DATASET CONTENT:
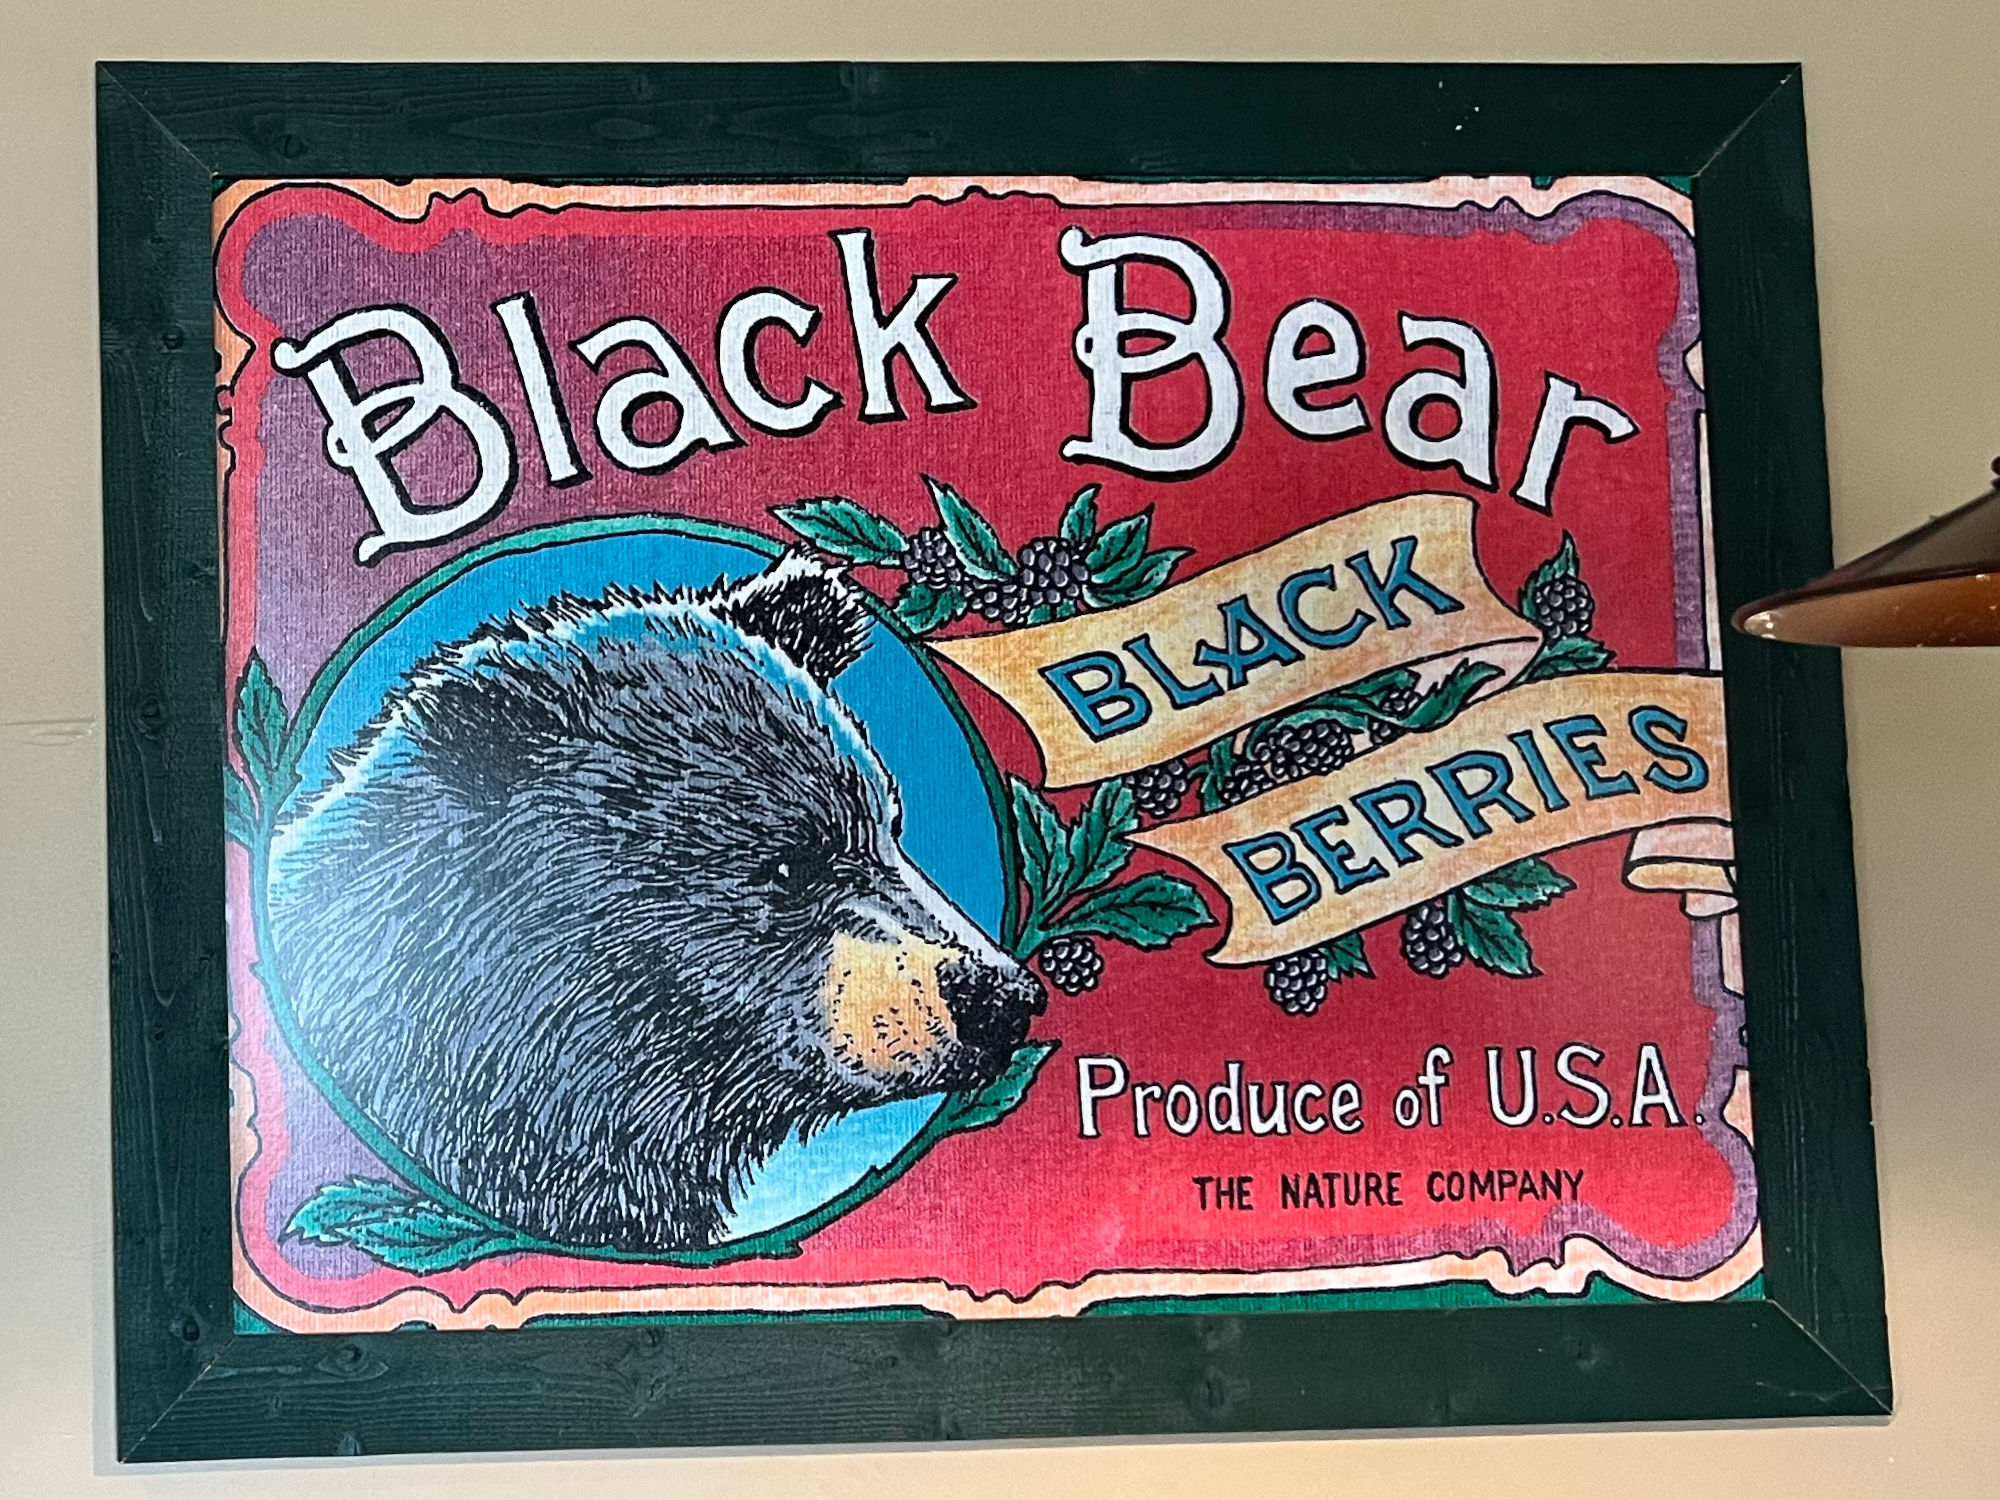 Black Bear Diner Black Berries
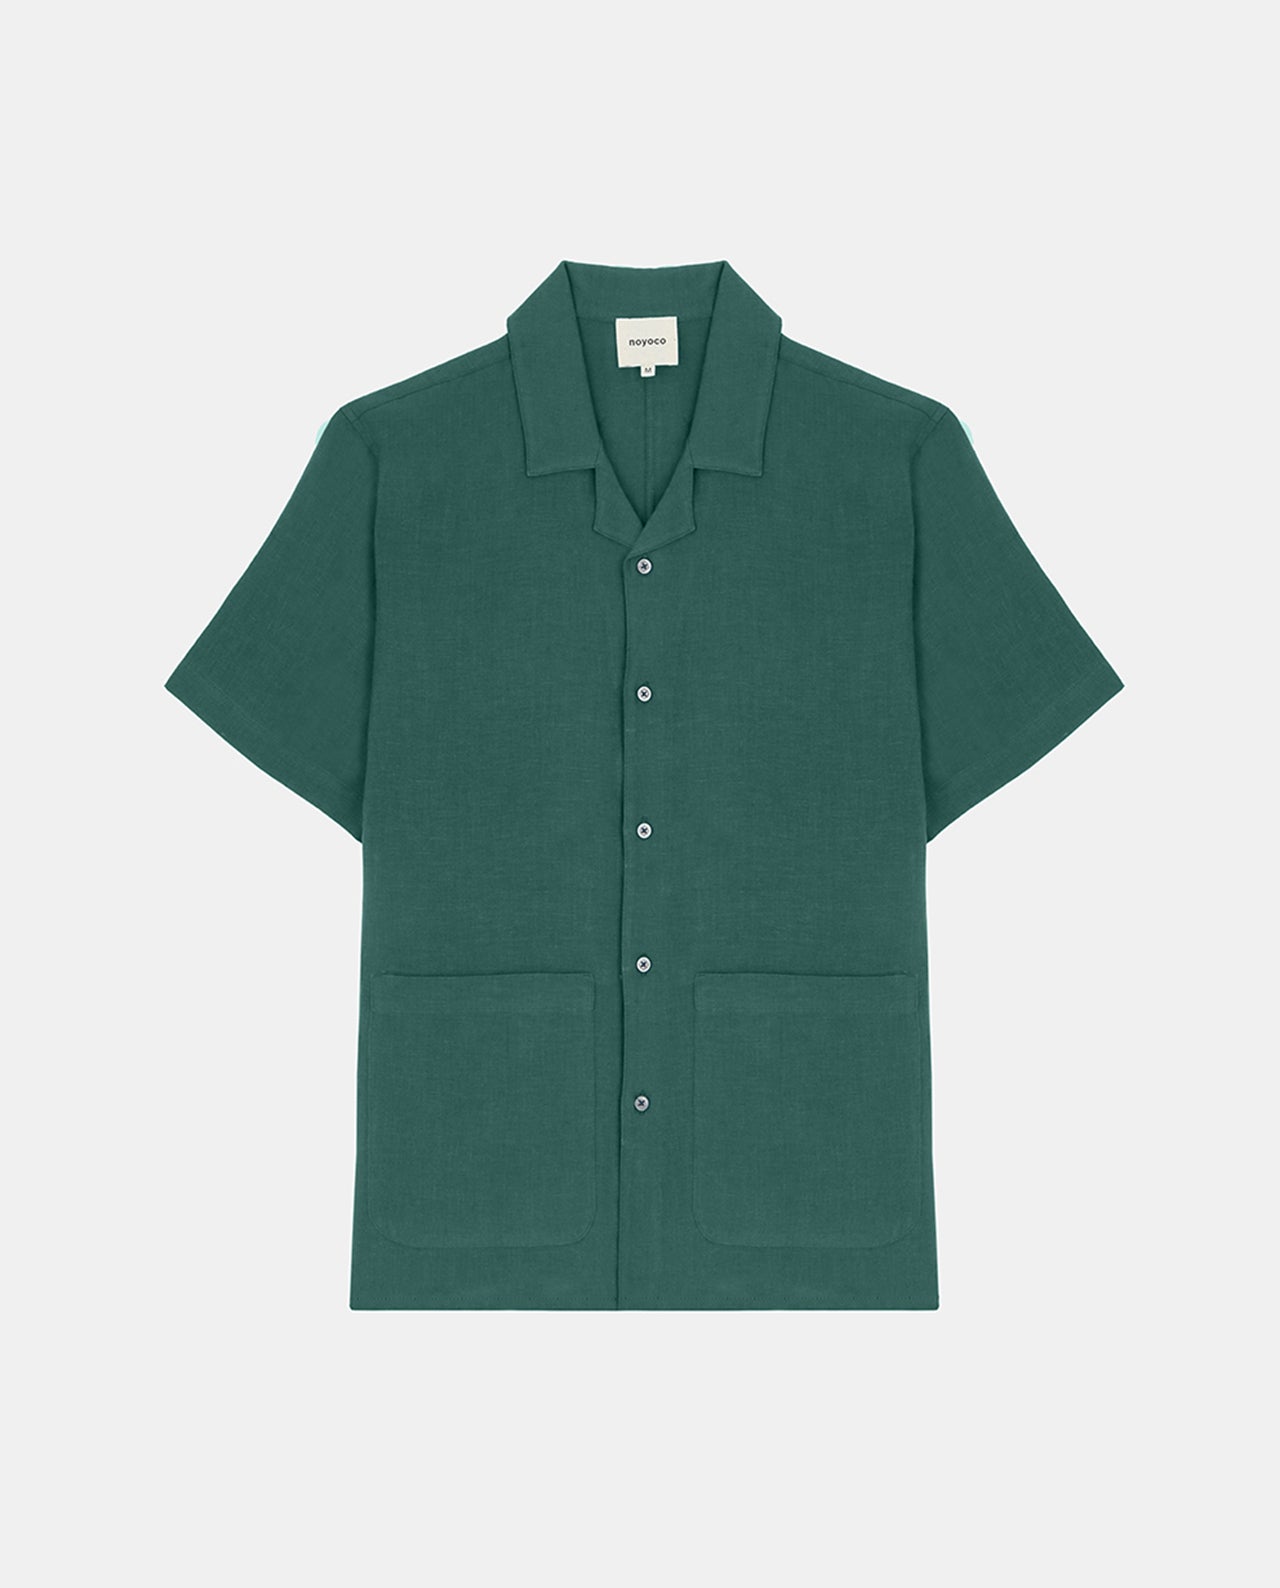 marché commun noyoco chemise homme manches courtes lin vert jade
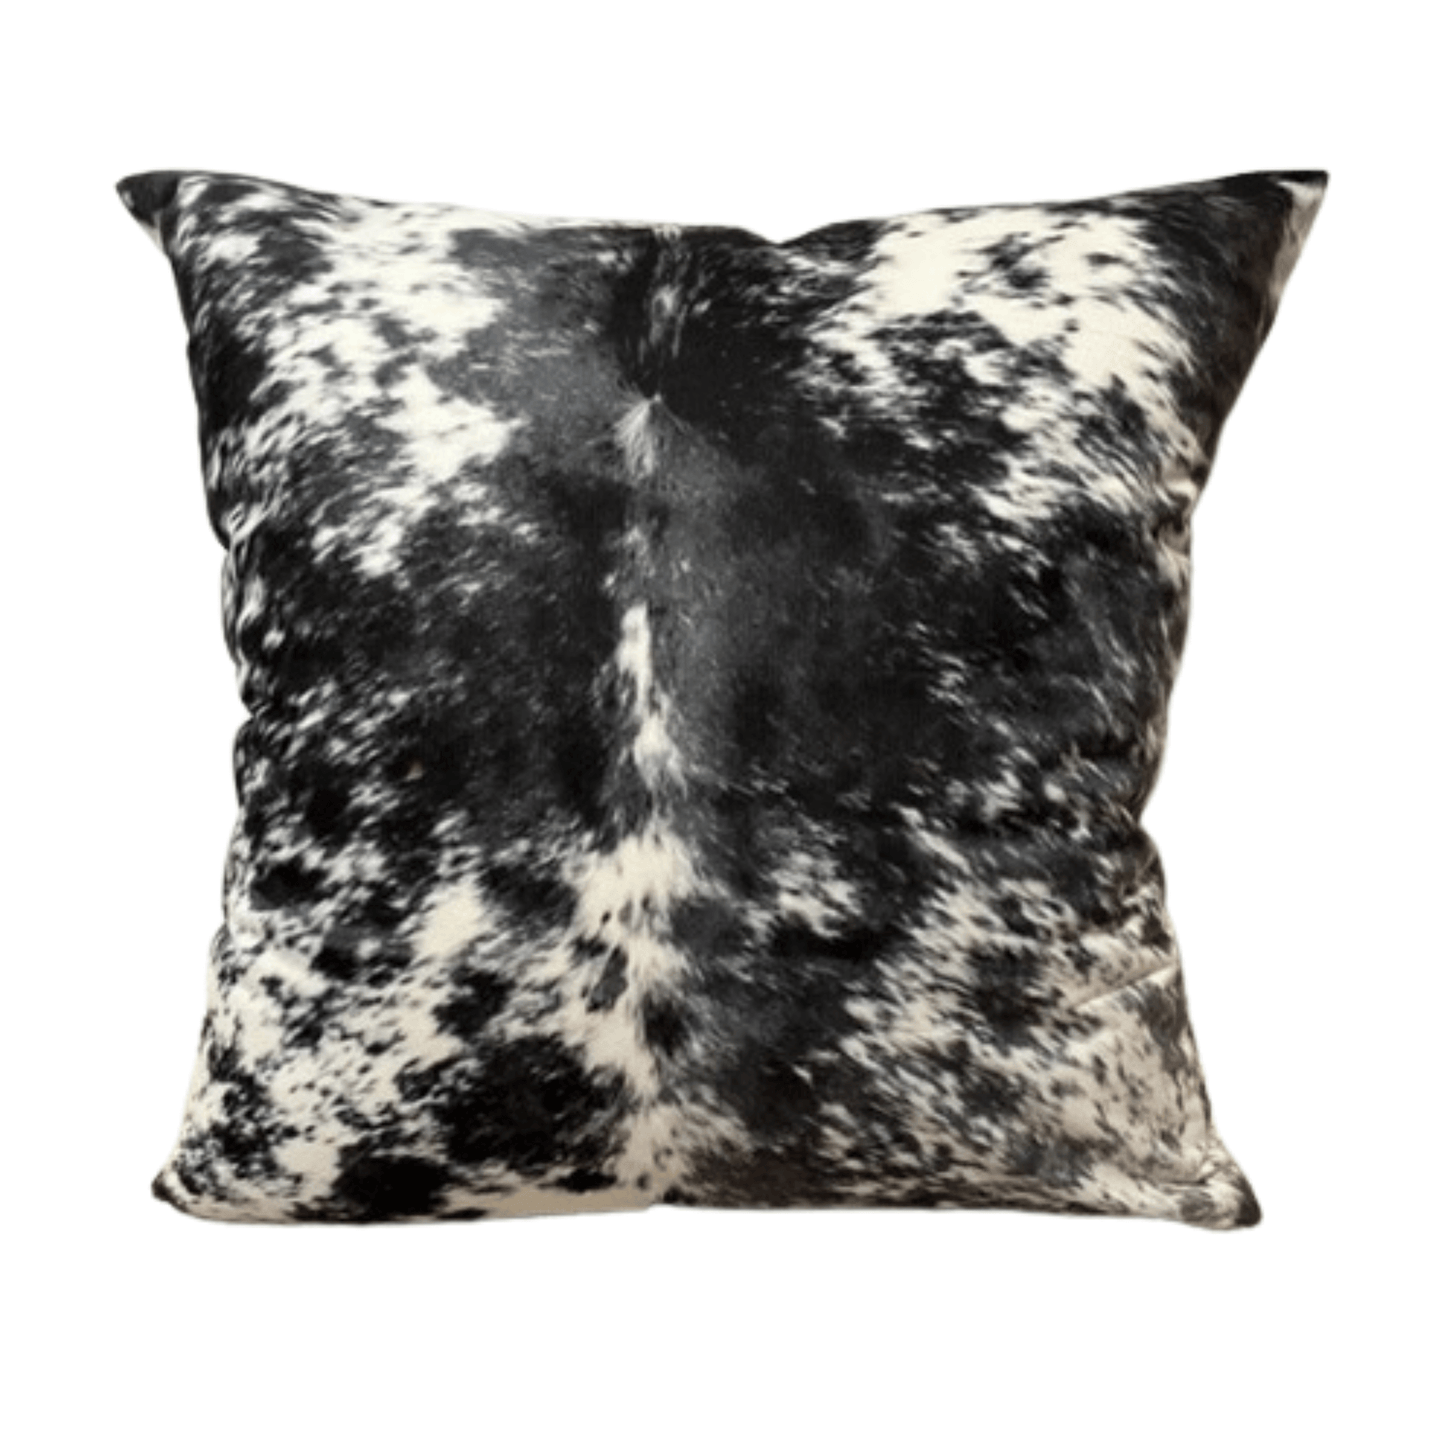 Faux Cowhide Pillow Cover, Cow Print Pillow, Black & Grey Cowhide

ABOUT THIS TASK: Print the material again, unchanged, without its pictures.

REPLY:
 Black Bear Diner Black Berries
 marché commun noyoco chemise homme manches courtes lin vert jade
 Faux Cowhide Pillow Cover, Cow Print Pillow, Black & Grey Cowhide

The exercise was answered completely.